We refer to the ``Dog`` and ``Cat`` subclasses as *variants* of ``Pet``. When
serializing all parent model tag serialization is done after field
serialization.

.. code-block:: python

>>> Cat(name='Fluffy', hates_dogs=True).to_dict()
OrderedDict([('name', 'Fluffy'), ('hates_dogs', True), ('species', '__main__.Cat')])
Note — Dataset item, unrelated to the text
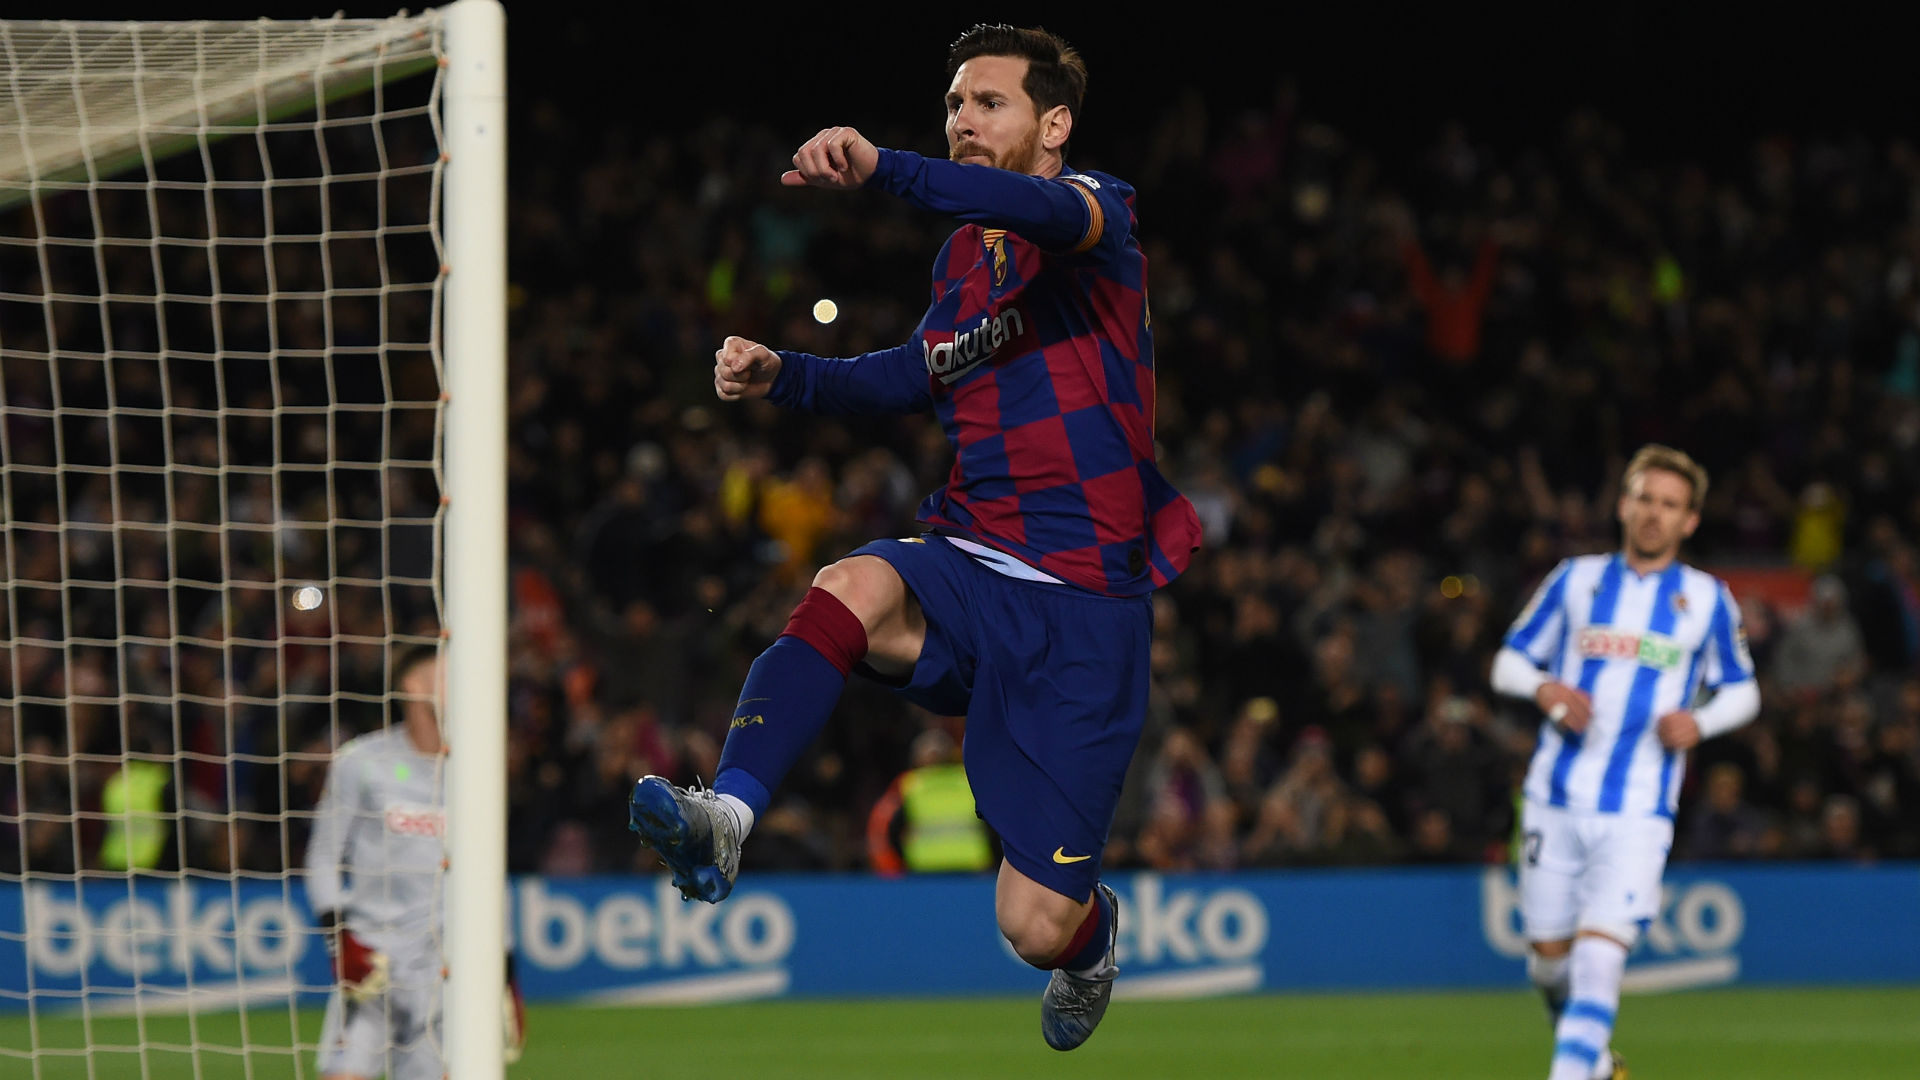 With Lionel Messi coming out of contract next year, Barcelona are set to open talks to extend the star's deal.

When deserializing, tag deserialization is done first to determine which model
to use for the deserialization.

.. code-block:: python

>>> milo = Pet.from_dict({
... 'name': 'Milo',
... 'hates_cats': False,
... 'species': '__main__.Dog'
... })
>>> milo.__class__

>>> milo.name
'Milo'
>>> milo.hates_cats
False

An invalid or missing tag will raise a ``ValidationError``.

.. code-block:: python

>>> Pet.from_dict({'name': 'Milo', 'hates_cats': False})
Traceback (most recent call last):
...
serde.exceptions.ValidationError: missing data, expected tag 'species'
>>>
>>> Pet.from_dict({'name': 'Duke', 'species': '__main__.Horse'})
Traceback (most recent call last):
...
serde.exceptions.ValidationError: no variant found

Externally tagged
^^^^^^^^^^^^^^^^^

Externally tagged data uses the tag value as a key and nests the content
underneath that key. All other processes behave similarly to the internally
tagged example above.

.. code-block:: python

>>> class Pet(Model):
... name: fields.Str()
...
... class Meta:
... tag = tags.External()
...
>>> class Dog(Pet):
... hates_cats: fields.Bool()
...
>>> Dog(name='Max', hates_cats=True).to_dict()
OrderedDict([('__main__.Dog', OrderedDict([('name', 'Max'), ('hates_cats', True)]))])

Adjacently tagged
^^^^^^^^^^^^^^^^^

Adjacently tagged data data stores the tag value and the content underneath two
separate keys. All other processes behave similarly to the internally tagged
example.

.. code-block:: python

>>> class Pet(Model):
... name: fields.Str()
...
... class Meta:
... tag = tags.Adjacent(tag='species', content='data')
...
>>> class Dog(Pet):
... hates_cats: fields.Bool()
...
>>> Dog(name='Max', hates_cats=True).to_dict()
OrderedDict([('species', '__main__.Dog'), ('data', OrderedDict([('name', 'Max'), ('hates_cats', True)]))])

Abstract models
^^^^^^^^^^^^^^^

By default model tagging still allows deserialization of the base model. It is
common to have this model be abstract. You can do this by setting the
``abstract`` Meta field to ``True``. This will make it uninstantiatable and it
won't be included in the variant list during deserialization.

.. code-block:: python

>>> class Fruit(Model):
... class Meta:
... abstract = True
...
>>> Fruit()
Traceback (most recent call last):
...
TypeError: unable to instantiate abstract model 'Fruit'

Custom tags
^^^^^^^^^^^

It is possible to create your own custom tag class by subclassing any of
``tags.External``, ``tags.Internal``, ``tags.Adjacent`` or even the base
``tags.Tag``. This will allow customization of how the variants are looked up,
how the tag values are generated for variants, and how the data is serialized.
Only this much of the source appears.